How to run DistDGL using docker container on slurm?

Hi,

I have been trying to run DistDGL using this NVIDIA docker container. I am having trouble figuring out the run command. I’m using Slurm on AWS ParallelCluster with 2 g4dn.2xlarge compute nodes and a t2.micro head node running alinux2, and all in private subnets.

docker run --gpus all \
      --network=host \
      --ipc=host \
      --privileged \
      -v /home/ec2-user:/home/ec2-user \
      -v /home/ec2-user/.ssh:/root/.ssh \
      -w $PROJ_PATH \
      --name dgl_container \
      --rm nvcr.io/nvidia/dgl:24.07-py3 \
        python3 $PROJ_PATH/launch.py \
            --ssh_username ec2-user \
            --workspace $PROJ_PATH \
            --num_trainers $GPUS_PER_NODE \
            --num_samplers $SAMPLER_PROCESSES \
            --num_servers 1 \
            --part_config $PARTITION_DIR \
            --ip_config $IP_CONFIG_FILE \
            "docker exec dgl_container python3 baseline/node_classification.py --graph_name $DATASET_NAME \
            --backend $BACKEND \
            --ip_config $IP_CONFIG_FILE --num_epochs 100 --batch_size 2000 \
            --num_gpus $GPUS_PER_NODE --summary_filepath $SUMMARYFILE \
            --profile_dir $PROFILE_DIR \
            --part_config $PARTITION_DIR \
            --rpc_log_dir $RPC_LOG_DIR"

This run command seems to fail in setting the local_rank and I suspect this is because of how I am launching the node_classification.py using docker. I did not have this issue with conda previously.
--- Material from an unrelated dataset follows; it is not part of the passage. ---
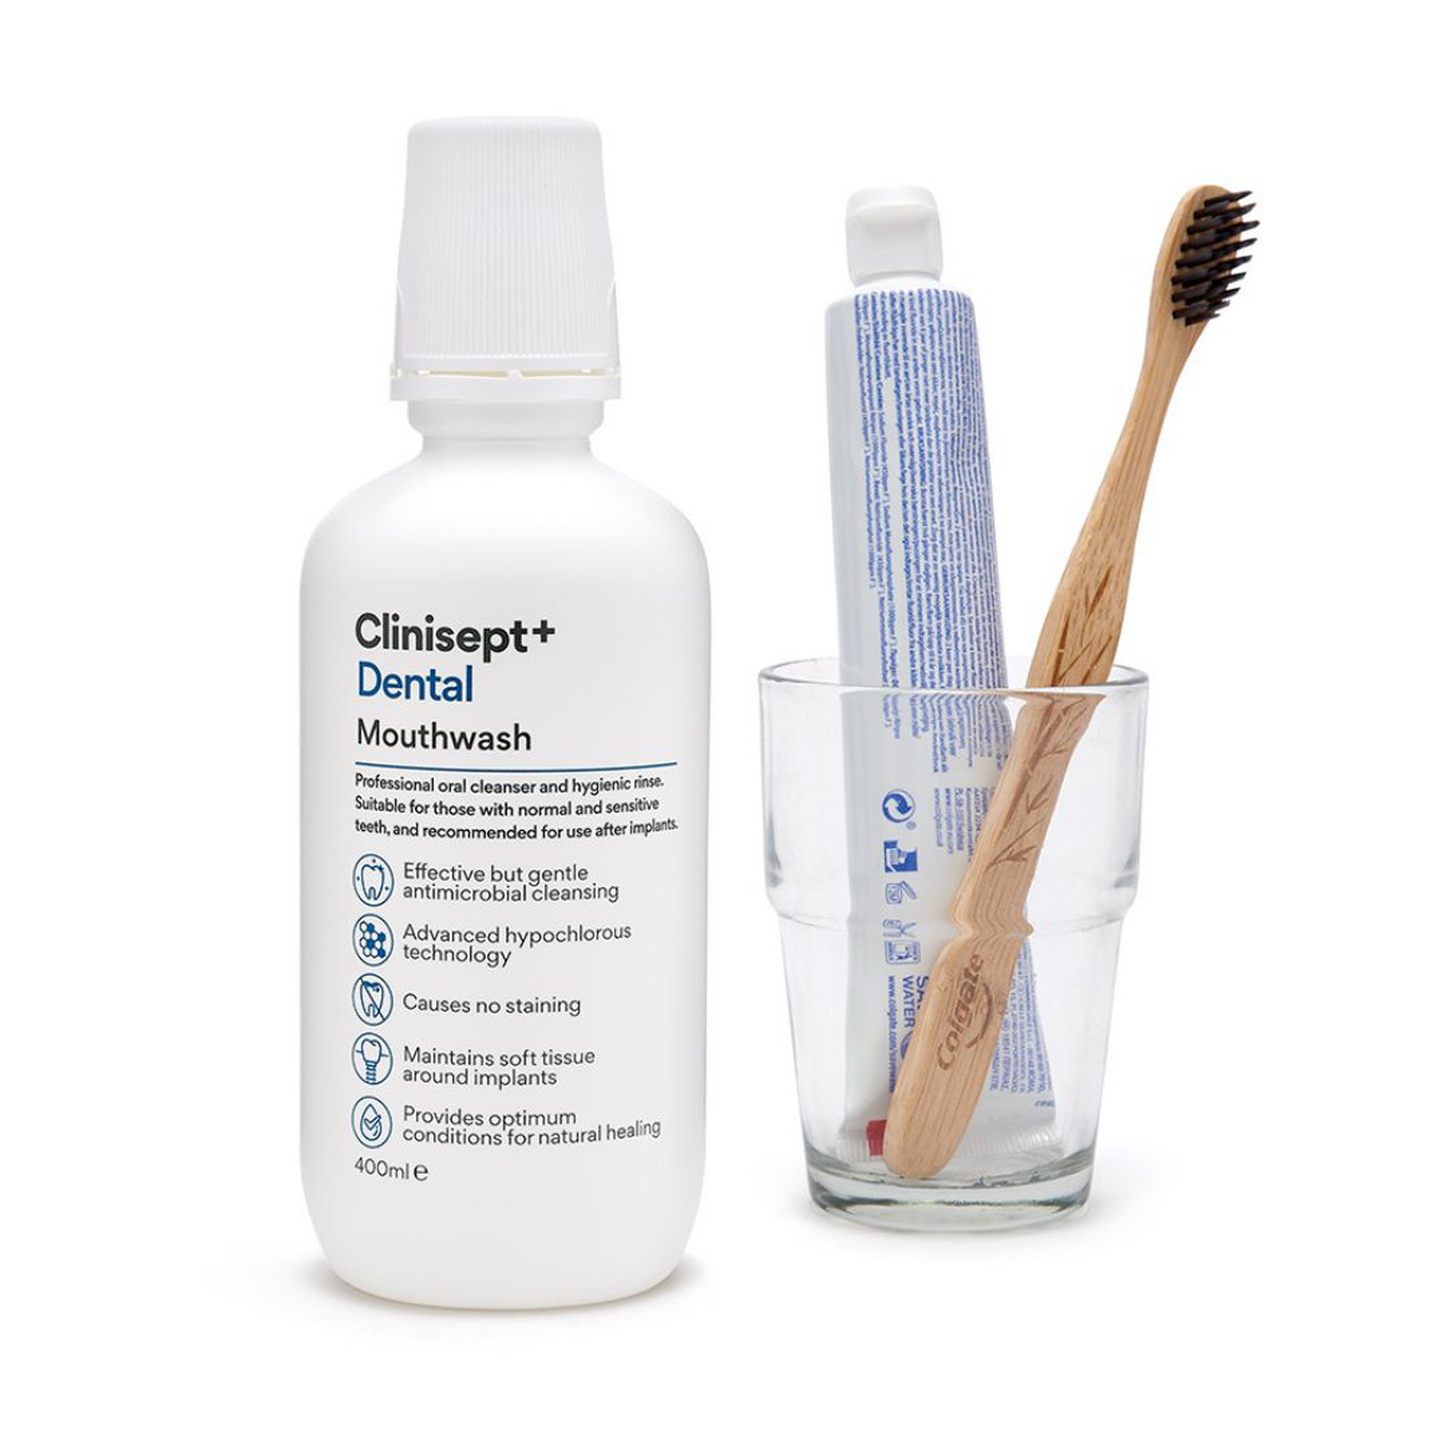 Clinisept+ Dental Mouthwash - 600ml Bottle (For Professional Use)

The number of OMP threads per trainer is set to 4
Called process error Command 'ssh -o StrictHostKeyChecking=no -p 22 ec2-user@10.15.216.47 'cd /home/ec2-user/MassiveGNN; (export DGL_ROLE=server DGL_NUM_SAMPLER=0 OMP_NUM_THREADS=1 DGL_NUM_CLIENT=2 DGL_CONF_PATH=/home/ec2-user/MassiveGNN/partitions/ogbn-arxiv/2_parts/ogbn-arxiv.json DGL_IP_CONFIG=/home/ec2-user/MassiveGNN/baseline_job_script/logs/ogbn-arxiv/distdgl/logs_perlmutter_gpu_nccl/sage/ip_config/ip_config_ogbn-arxiv_metis_n2_samp0_trainer1_40.txt DGL_NUM_SERVER=1 DGL_GRAPH_FORMAT=csc  DGL_SERVER_ID=1; docker exec dgl_container python3 baseline/node_classification.py --graph_name ogbn-arxiv             --backend nccl             --ip_config /home/ec2-user/MassiveGNN/baseline_job_script/logs/ogbn-arxiv/distdgl/logs_perlmutter_gpu_nccl/sage/ip_config/ip_config_ogbn-arxiv_metis_n2_samp0_trainer1_40.txt --num_epochs 100 --batch_size 2000             --num_gpus 1 --summary_filepath /home/ec2-user/MassiveGNN/baseline_job_script/logs/ogbn-arxiv/distdgl/logs_perlmutter_gpu_nccl/sage/ogbn-arxiv_metis_n2_samp0_trainer1_40.txt             --profile_dir /home/ec2-user/MassiveGNN/profiles             --part_config /home/ec2-user/MassiveGNN/partitions/ogbn-arxiv/2_parts/ogbn-arxiv.json             --rpc_log_dir /home/ec2-user/MassiveGNN/baseline_job_script/logs/rpc_logs/baseline/logs_40)'' returned non-zero exit status 1.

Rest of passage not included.